I've written a few posts about loneliness. I feel lonely most of the time. I don't know if it's motherhood or just old age but I used to have a VERY active social life. It has nothing to do with my husband by the way. He is very attentive to me. I am talking about relationships with other woman.
I'd say I used be out with friends 4 -5 nights a week.
And now I am lucky if see any friend twice a year. I'm not kidding and usually it's because I accidentally run into them in the grocery store or some tragedy has occurred.
I can be very flaky and hermit like when I want to be. I think my depression gets me into states where I just don't want to talk or see anyone. I get terrified almost. So it's nobody's fault. I feel like half the time friends do call and try to connect and I am too flipped out to call them back or sometimes we really are just having REALLY busy lives.
I LOVE this quote. I just wish I could live up to it!!!!!
However if you saw me in person or at work I wold be bubbly and as happy as a clam. It's really, really hard for me to reach out. The few family members that I feel comfortable with unfortunately don't want too much to do with me and my "problems" anymore. I'm too much of a head case I guess. So leaves just my poor husband and few scraggling friends pretty much who I am terrible at reaching out to.
What to do from here? I have no earthly idea.
I am really enjoying my children and I think that's what these years were made for anyway.

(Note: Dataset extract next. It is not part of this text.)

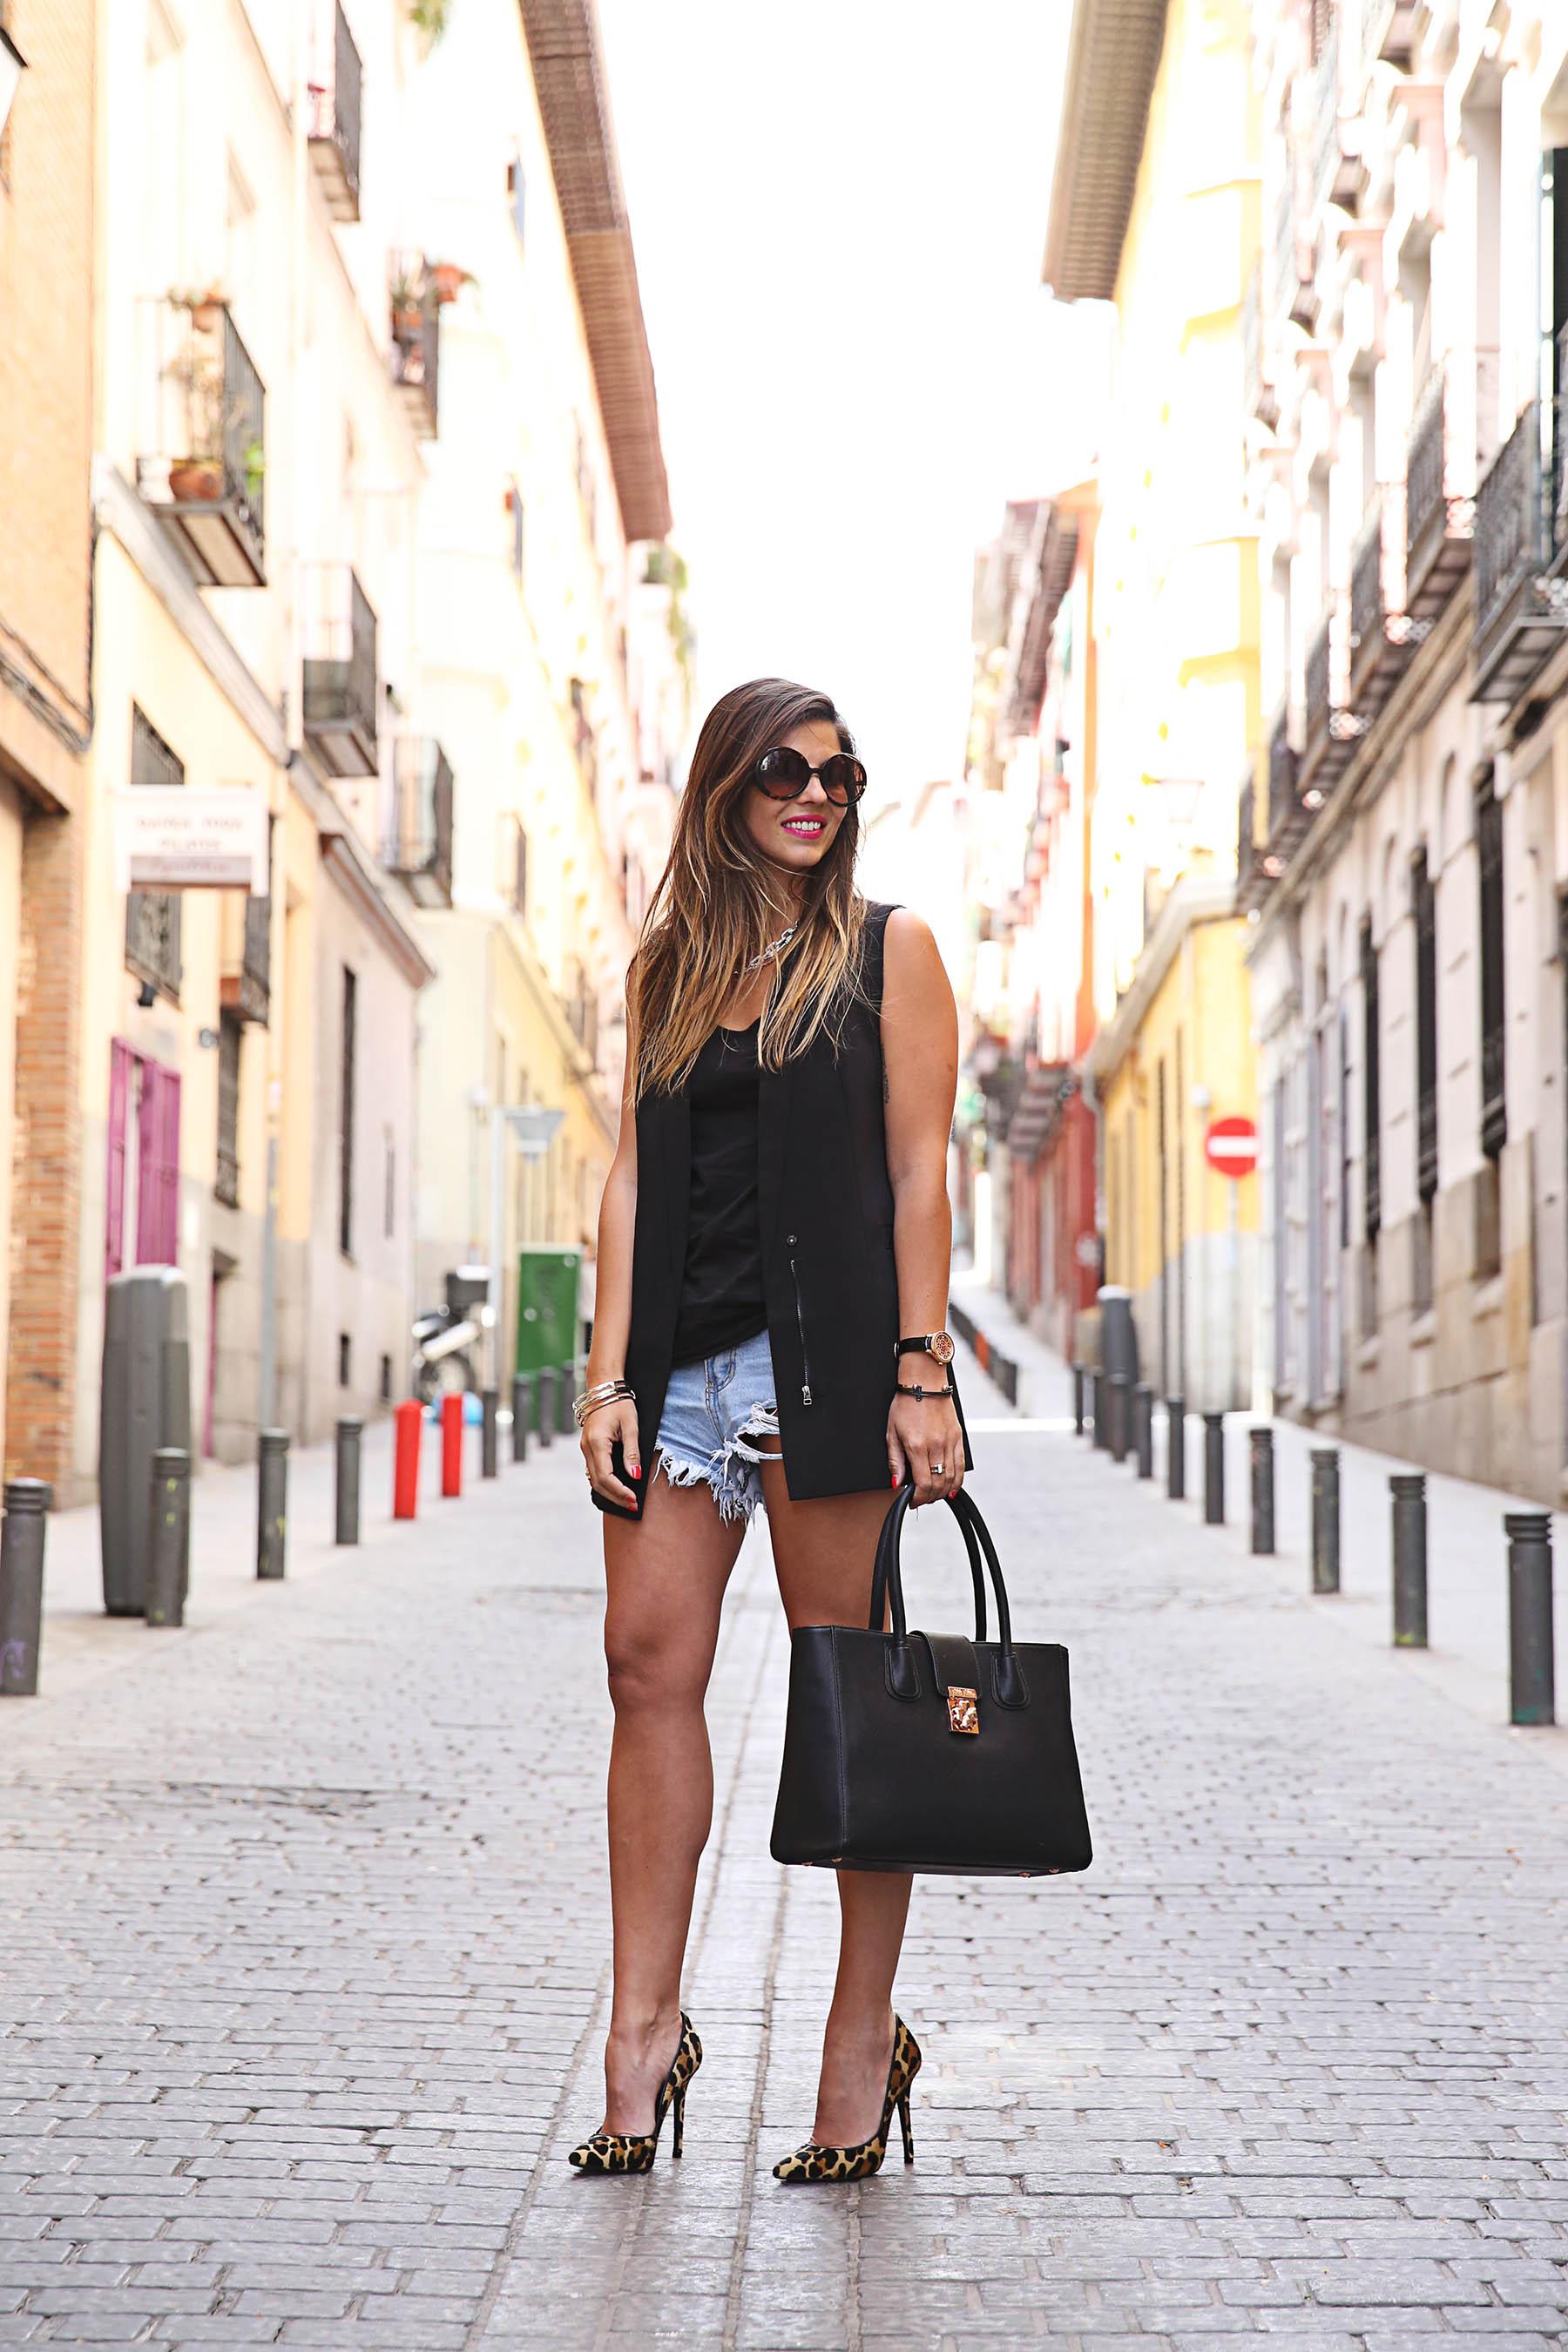 trendy-taste-look-outfit-street-style-ootd-blog-blogger-fashion-spain-moda-españa-leo-print-estiletos-mas34-leather-bag-denim-shorts-vaqueros-rotos-2
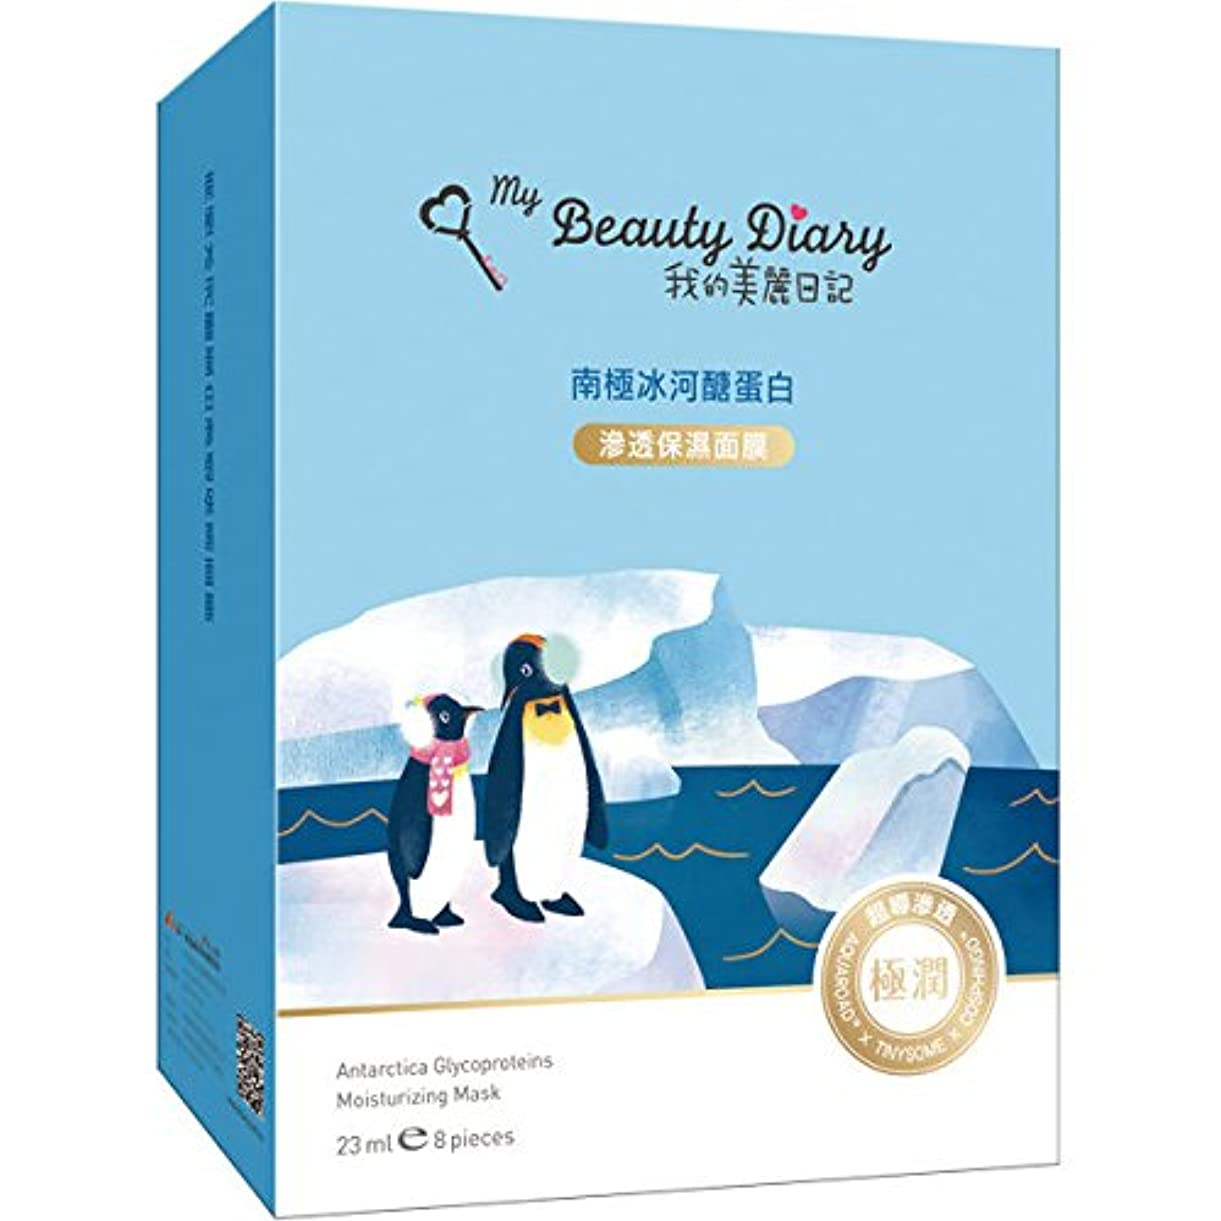 構造痛い男私のきれい日記 我的美麗日記 氷河プロテイン 8枚入り 【2016】

It's probably why I have no social life, plus I choose to train for marathons with my spare time, not spend it out socializing so I suppose that parts on me. I'd choose running over a dinner out ANYDAY folks ANYDAY!!! I really do love it that much. In fact I am already dying to get back out there. Only 4 more months:(
But I think when you have 2 or 3 small babies at home, there just isn't much room to cram anything else in. You know. I can't tell now if I'm using that as an excuse now for not reaching out or if it's the truth but I think it's the truth.
So for now I'm trying to treasure the moments with the wee ones and know that once they are in grade school even I will be begging for an outing with a friend.
Mom's out there, what do you think? Do you have a social life AT ALL???
Because I have absolutely zero, like I don't even talk on the phone but once a month. But I must say after pondering this post for a week I will proudly admit that I called at least 5 friends. It doesn't mean we actually talked but I tried.